His eyes moved away from mine, and I lost him for a moment. "I haven't always been able to do the right thing," he said finally. "I guess I'm trying to make up for that."
"You?" He obviously meant what he said, but I couldn't believe it. "You're one of the best people I know. I can't imagine you have much to make up for."
He took my hand in his, threading our fingers together. "You have no idea."
You should have heard his voice. It was so damn sad, so lost.
So I leaned over and kissed him, because it was the only way I could think of to get that look out of his eyes. Just a quick kiss, but when I lifted my head he was smiling, and the sadness was... not gone, exactly. Just moved to the side, but that was better.
He put one hand on the back of my neck and drew me back down, and it wasn't a quick kiss that time. Not at all. And not long after, we were messing up all my nice piles of bills. I didn't care, either, because it was just paper, and it was easy to shove off the bed onto the floor.
No nightmares that night, for either of us.
I mean, I know where nightmares come from; I have them too. They come from the boogeymen that still hang around from our childhoods, and they come from things that happen to us as grown-ups. Nightmares come from the secrets, and the things we don't talk about. Or can't.
Jarod has secrets, more than most. When I let myself think about that part of him, though, I know that his secrets are part of what keeps us together. Isn't that weird? He asked me out that first time, handing me the box of Apple Jacks, because he thought I was cute. He comes back to me because I have secrets, too.

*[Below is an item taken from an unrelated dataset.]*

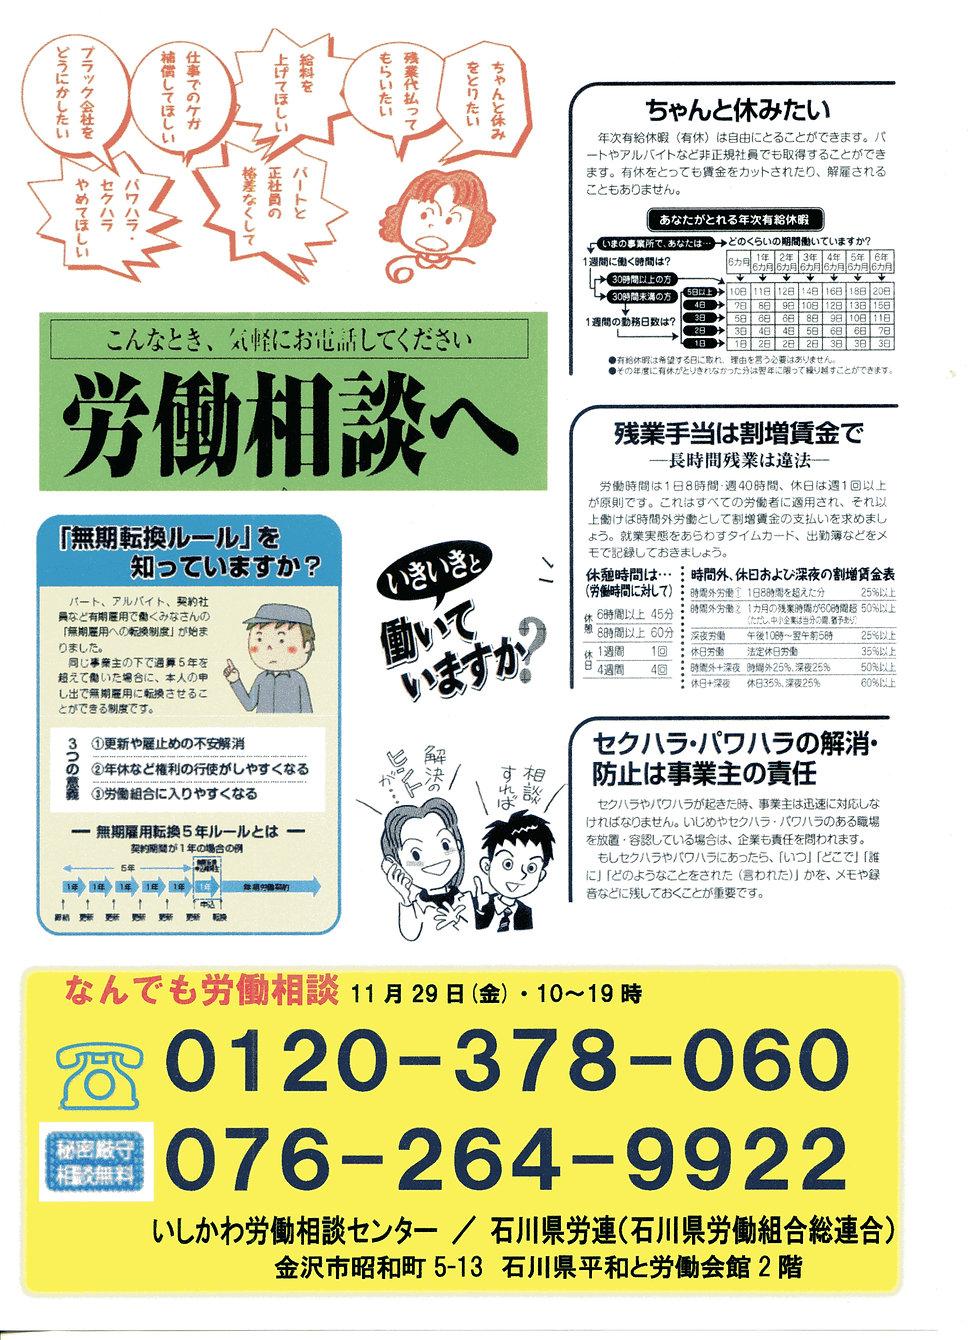 労働相談003.jpg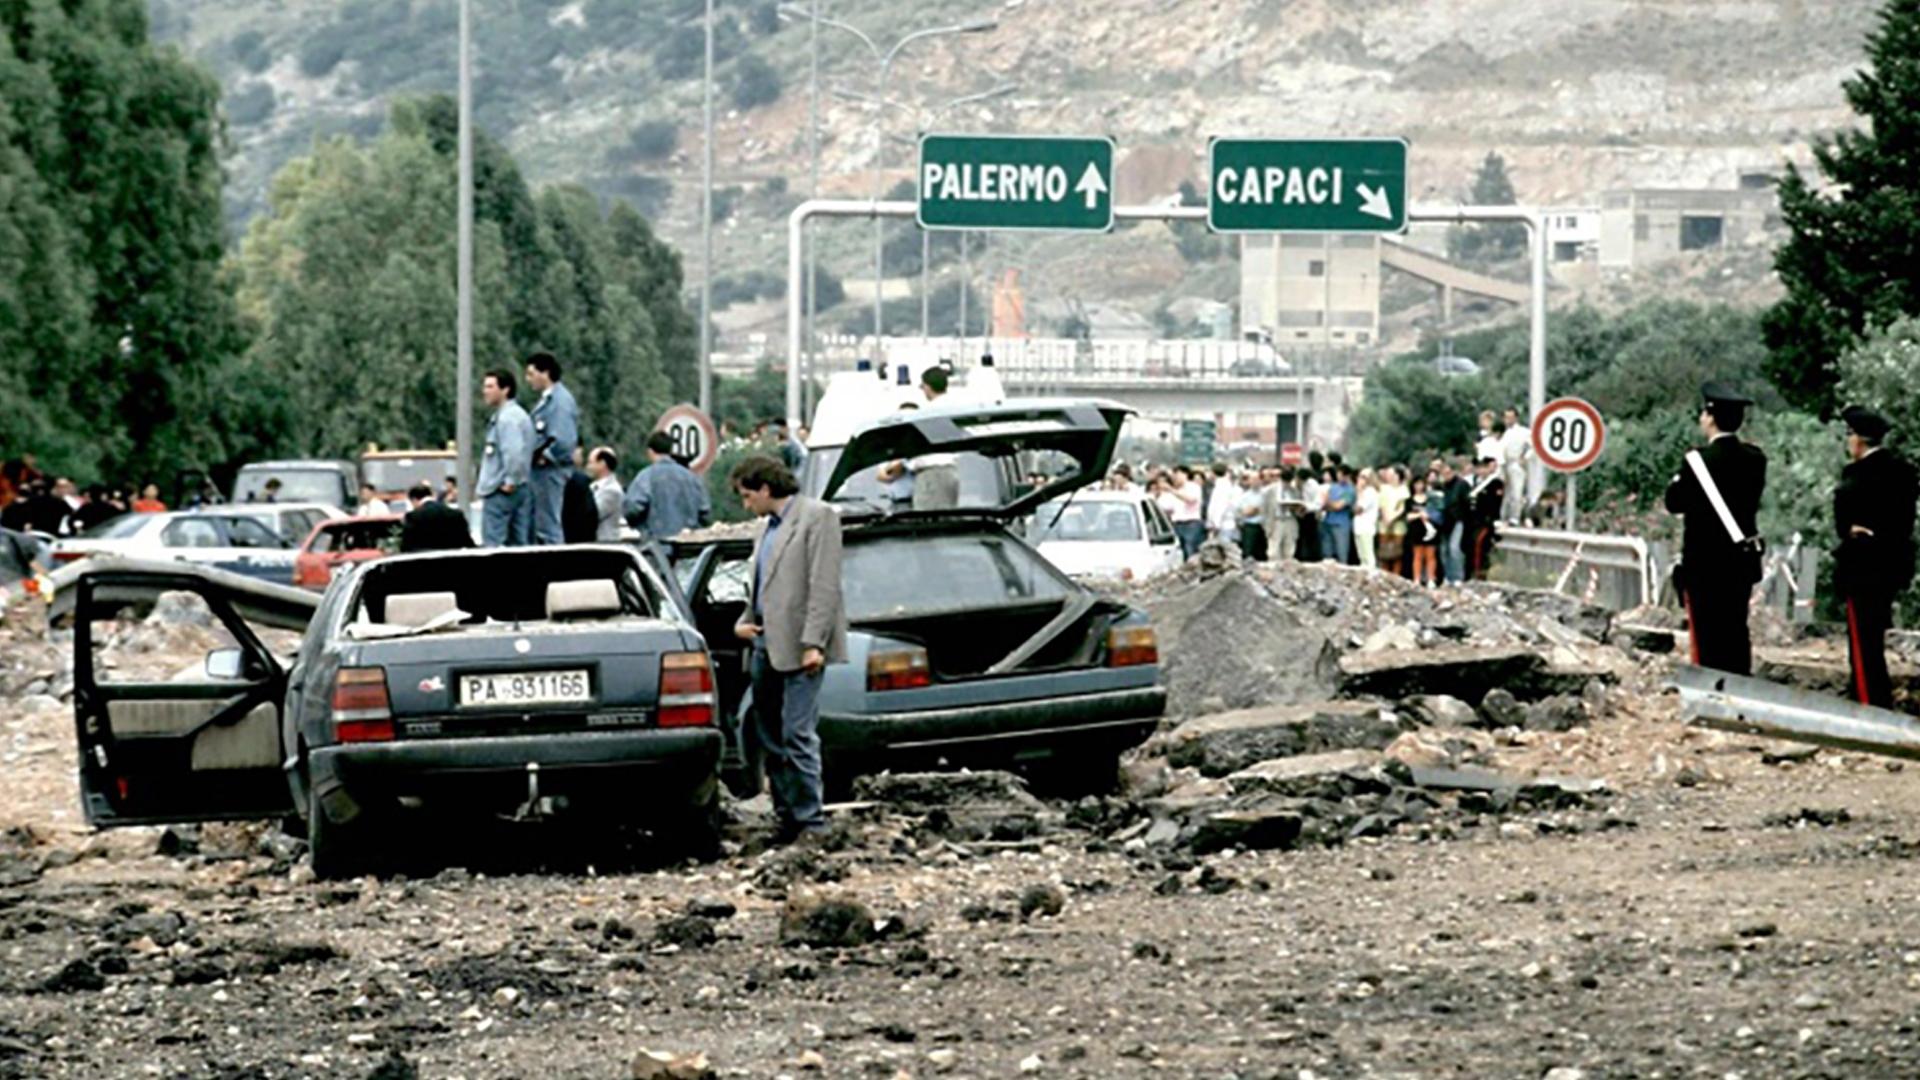 La strage di Capaci: l'attentato in cui perse la vita Giovanni Falcone

Tracey thought, early on, that Jarod was married. Or had someone else on the side, maybe. He fit the pattern in some issue of Cosmo she read; she loves all those crappy magazines. She has time for all those crappy magazines, what with not having kids. But she doesn't think that any more. She sees how good he is with Charlie, and how he treats me.
I wondered too, at first, but I look at him and I feel his hand in mine when we take a walk and I just know it's not in him.
Eventually, there'll be a day when he doesn't come back any more. When that little house of his is empty, and all the strays he feeds have to find other ways to survive. I know that. There's a big piece of him that's always somewhere else, and I try not to let myself wonder about it too much. Is it another woman, an ex? Or maybe it's bigger than that, bigger than one person.
Of course I wonder. His nightmares hold things he'll never tell me about. When he goes still at the sight of someone, when he disappears in a crowd, when we're in the middle of dinner and he goes away in his head... I can't fight his ghosts. But he does come home to me. Maybe there aren't as many ghosts when he's here.
So why am I going on like this? I know I sound like I'm trying to convince myself of something. I am. Because Jarod's been gone more than a month this time, and he didn't leave anything at my place, and he hasn't called, or sent Charlie a silly postcard like he does sometimes. He's just gone.
I went by his house yesterday. I told myself I was going to check on things; I do try to go by once a week or so. I'm not sure what I expected to find, or see. His stuff was still there. Nothing's moved; the book he was reading was still face-down on the couch, his bed still wasn't made. I made it, just for something to do.
There'll be a day when he doesn't come back any more. I know that. I'm not stupid.
But... please, don't let it be that day just yet. I'm not ready.